The population structure analysis using all 23 biallelic markers did not find a genetic population substructure (λ = 0.4527) among mixed white Europeans (n = 211), Italians (n = 21) and Portuguese (n = 9). With Structure 2.1, the 3 inferred genetic clusters did not identify the ancestry of these 3 populations. The SNP CHRNB2(rs3926124) was not polymorphic in this population.
The GCF analysis26
revealed a robust correction factor of λ = 0.7245 across the 23 biallelic markers in smokers versus nonsmokers; thus, we did not use a GCF correction for our analyses.
The analysis of smokers versus nonsmokers demonstrates that single genotypes of the 7 markers are not associated with smoking status.
Allelic association was also negative. Sex was strongly associated (p = 0.008), with 71% of men being smokers versus only 47% of women. Age at the time of assessment did not influence smoking status (p = 0.61).
We screened intergenic and intragenic interactions totalling 13 interactions. The interaction between CHRNA4 (rs755203) and CHRNB2(rs1127309) was significantly associated with smoking status (p = 0.003), however, the adjusted p value was not significant (p = 0.72) ().
The 4 markers in α4 were not in linkage disequilibrium (LD), except for CHRNA4(rs755203) and CHRNA4(rs4522666), which showed a strong pairwise LD (p < 0.001, d' = 0.598, r = 0.469).
In CHRNB2, rs1127314 and rs1127309 showed strong LD (p < 0.001, d' = 0.999, r = 0.983).
The global p value for haplotype analysis combining CHRNA4(rs755203) and CHRNA4(rs4522666) was 0.97. The specific haplotype p values were negative as well. The global p value for haplotype analysis of CHRNB2(rs1127314) and CHRNB2(rs1127309) was 0.86.
For the CHRNA4 SNPs that were not in strong LD, we applied the 2-loci interaction analysis as if they were on 2 different chromosomes. The α4 intragenic interaction was significant between CHRNA4(rs755203) and CHRNA4(rs3787116) (p = 0.005), but the adjusted p value was 0.81 ().
When we analyzed the number of cigarettes smoked, we found that the age of the subject was significant (p < 0.001); in particular, age is a risk factor with patients older than 43 years, smoking an average of 25.0 cigarettes daily. Further, the sex of the subject was significant (p = 0.027). Women smoked an average of 16.0 cigarettes daily, whereas men smoked 21.0 cigarettes daily. The SNP CHRNA4(rs3746372) was found to be significant (p = 0.01), and those with genotype (1,1) smoked 22.0 cigarettes daily, whereas the other patients smoked an average of 17.0 cigarettes daily.
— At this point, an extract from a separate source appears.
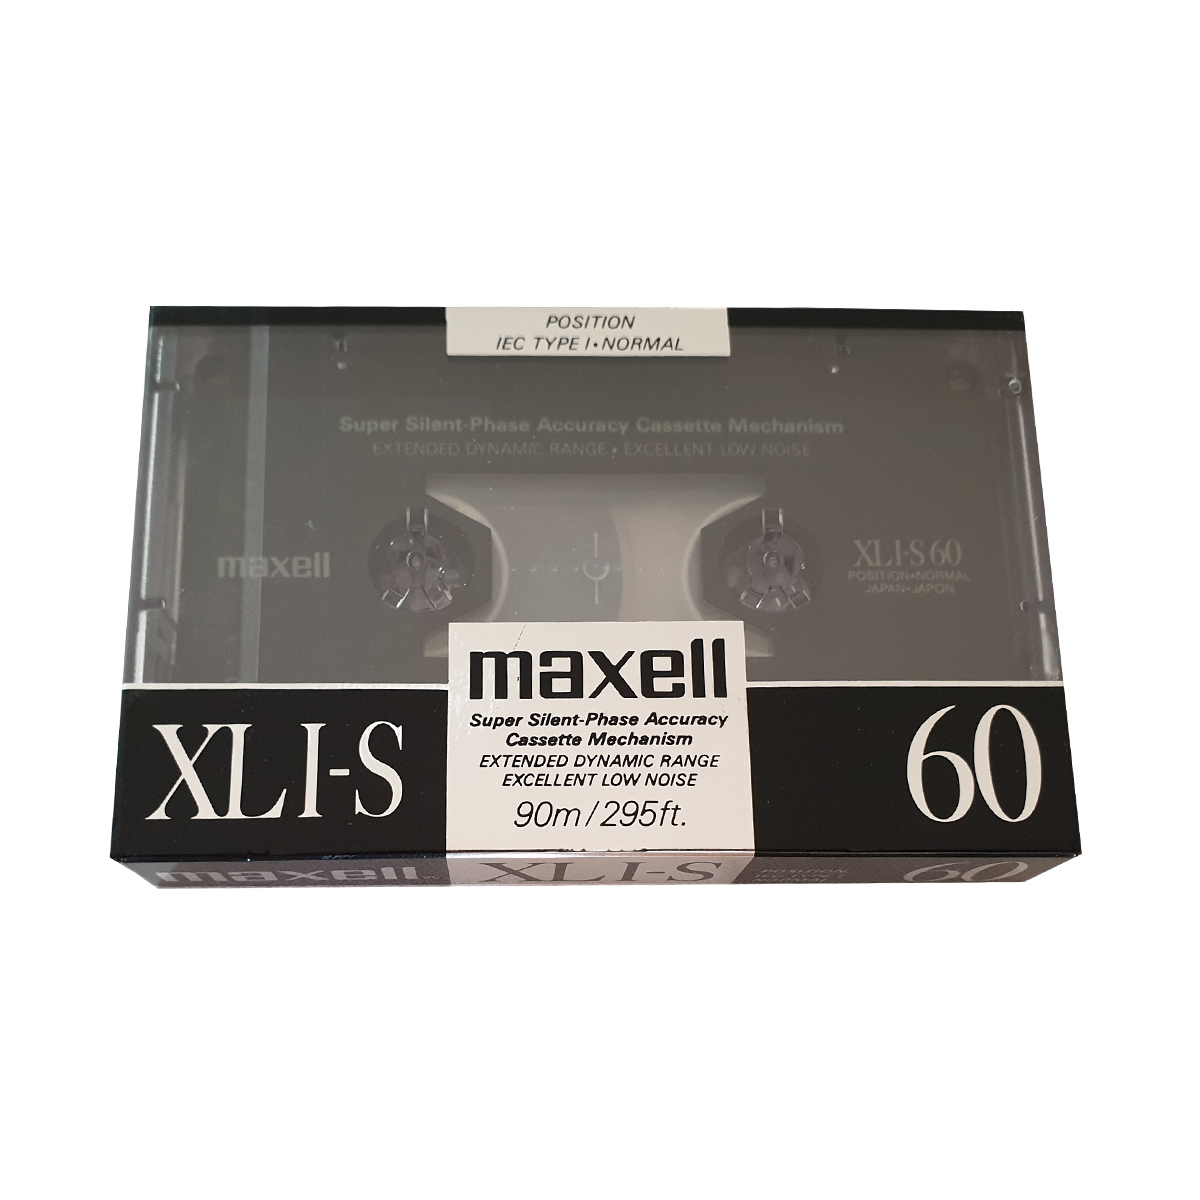 نوار کاست مکسل مدل maxell XLI-S

In regard to the allele effect, we found that allele 1 (frequency 74.3%) had a specific effect (p = 0.02), with a mean number of 20.42 cigarettes smoked daily, compared with allele 2, which was associated with a mean number of 17.07 cigarettes smoked daily.
CHRNA4(rs3787116) showed a slight trend (p = 0.059), with the heterozygous genotype (1,2) protecting against heavy smoking (average 18.0 cigarettes daily), whereas subjects with homozygous genotypes smoked 21.0 cigarettes daily.
When we employed the Helix Tree 2-loci interaction analysis, we did not include the uninformative SNP CHRNB2 (rs3926124). The interaction of SNP CHRNA4(rs755203) and SNP CHRNB2(rs1127309) was significant (p = 0.07) (). However, after the multiple test correction, the adjusted p value became insignificant (p = 0.06). Surprisingly, both SNPs were not significant on their own.
The global p value for the haplotype analysis of CHRNA4 (rs755203) and CHRNA4(rs4522666) was 0.98. The global p value for the haplotype analysis of CHRNB2 (rs1127314) and CHRNB2(rs1127309) was 0.77.
CHRNA4(rs3787116) and CHRNA4(rs3746372) showed a significant interaction (p = 0.004). Further, the adjusted p value was also significant (p = 0.03). The interaction between CHRNA4(rs3787116) and CHRNA4(rs4522666) was significant (p = 0.001), as was the adjusted p value (0.001). Like-wise, the interaction between CHRNA4(rs3746372) and CHRNA4(rs4522666) was significant (p = 0.004), as was the adjusted p value (0.033).